Why I modeled LLM rate limiting on TCP congestion control
June 2025
When I built PromptForge, I needed to push LLM API providers as fast as they would allow without getting rate limited into silence. The naive approach — read the docs, hard-code the RPM limit, add a sleep — has an obvious failure mode: the stated limit is often wrong. Providers throttle differently by tier, by model, by account age, and sometimes by time of day. The limit in the docs is a ceiling, not a guarantee.
I wanted a system that would discover the real limit automatically and then sustain it indefinitely. The more I thought about this, the more it sounded like a problem the networking community had already solved — in 1988, with TCP congestion control.
The TCP analogy
TCP's job is to saturate a network link without overwhelming it. It doesn't know the link's capacity in advance — it discovers it by sending data and watching what happens. When packets get through, it sends more. When packets drop, it backs off. Over time it converges on the actual throughput ceiling of the link.
LLM rate limiting is the same problem. The "link" is the provider's API. The "packets" are requests. "Packet drop" is a 429 response. The goal is to saturate the provider without tripping the rate limiter.
Slow start
TCP slow start begins at a small congestion window and doubles it every round-trip time until the first loss event. I adapted this for LLM requests:
- Start at
RPM_stated × 1.5 / 30s— slightly above the stated limit to probe whether the actual ceiling is higher. - Every 30 seconds without a 429: increase the rate by 50%.
- First 429: record the current rate as the ceiling estimate, halve it, switch to congestion avoidance.
The 30-second window is important. LLM providers bucket their rate limits per minute (sometimes per 10 seconds), so probing faster than 30s gives noisy signal — you might hit a bucket boundary rather than a real limit.
Congestion avoidance
Once we've had a 429, we know roughly where the ceiling is. TCP switches to additive increase / multiplicative decrease (AIMD): increase the window by 1 per RTT (additive), halve it on loss (multiplicative).
My adaptation: after the rate halves, increase by +1 RPM per 30s window. This is more conservative than TCP's AIMD because provider 429s have a backoff penalty — hitting one again within a short window often results in a longer cooldown than the first. So I want to approach the ceiling slowly the second time.
The TPM ceiling problem
RPM is only half the story. Providers also impose tokens-per-minute (TPM) limits, and a request that sends a 4000-token prompt counts much more than a 50-token one. You can stay under RPM and still get rate-limited on TPM.
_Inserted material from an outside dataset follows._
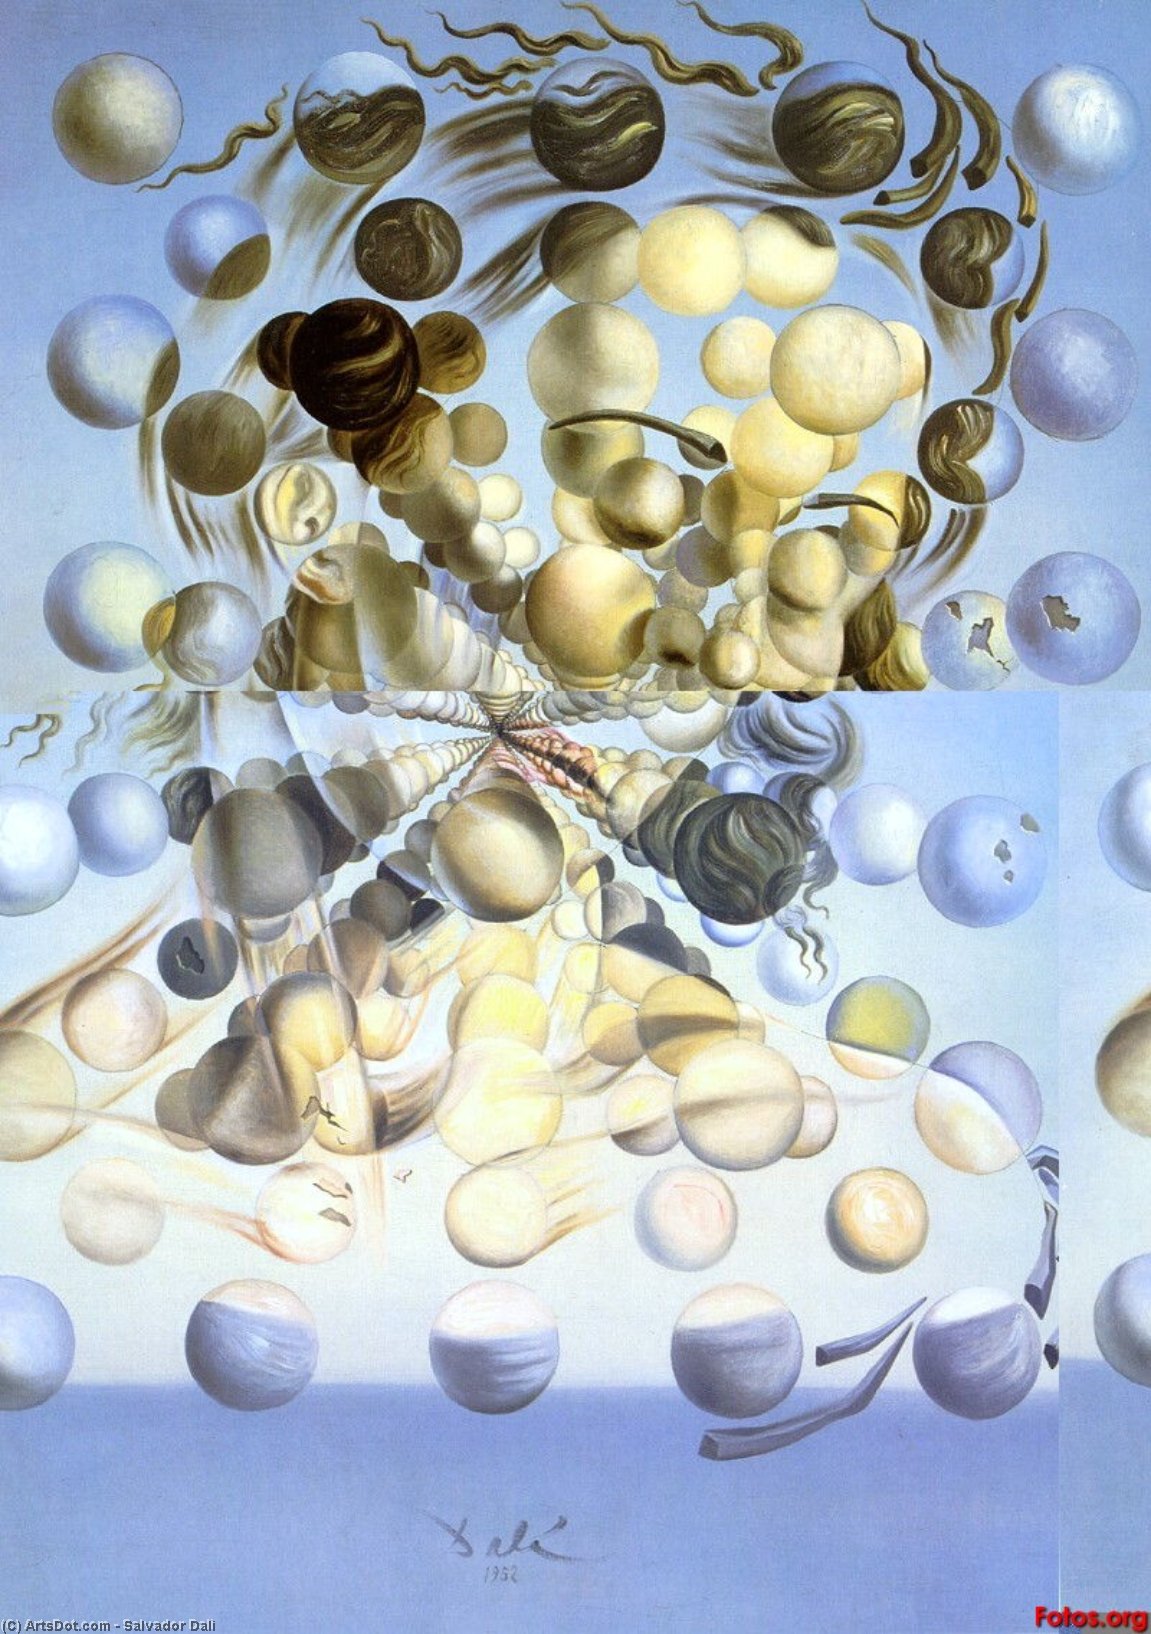 WikiOO.org - Encyclopedia of Fine Arts - Malba, Artwork Salvador Dali - Galatea of the Spheres

I added a rolling p95 token window: every outgoing request records its token count with a timestamp. Every 30 seconds, the controller computes the p95 token count per request in the last window and estimates the effective RPM ceiling implied by the TPM limit:
effective_rpm = TPM_limit / p95_tokens_per_requestThe actual rate is capped at min(rpm_ceiling_estimate, effective_rpm). This means the controller self-adjusts for heavy prompts — if you switch from short prompts to long ones mid-job, the TPM ceiling kicks in automatically.
OTel observability
The rate-learning state is exposed as OTel gauges: current rate, ceiling estimate, slow-start vs. congestion-avoidance mode, p95 token count, 429 count per window. These feed into Axiom dashboards so you can watch the controller converge on the ceiling in real time. The first few minutes of a big job look like a sawtooth — rate climbs, hits a 429, drops, climbs again — and then it plateaus at the actual ceiling and stays there.
Results
On a job with 50K prompts against a tier-1 OpenAI account, the controller converged on the actual ceiling (about 3,400 RPM, not the stated 3,500) within 4 minutes and sustained it for the rest of the job with a 429 rate under 0.3%. A hard-coded 3,500 RPM would have produced roughly 15-20% 429s and constant retry overhead.
What I got wrong first
My first version used exponential backoff on 429s — standard stuff. It worked but it was too conservative. After a 429, exponential backoff would back off to something like 60% of the current rate, then 30%, then 15%, and the job would crawl for minutes before recovering. The TCP model is more aggressive about recovery, which is the right call when the 429 penalty is known and bounded.
I also initially used per-request timers instead of 30-second windows. This was wrong — individual request latency varies too much (streaming responses, network jitter) to give a clean signal. Windowed aggregation is the right abstraction.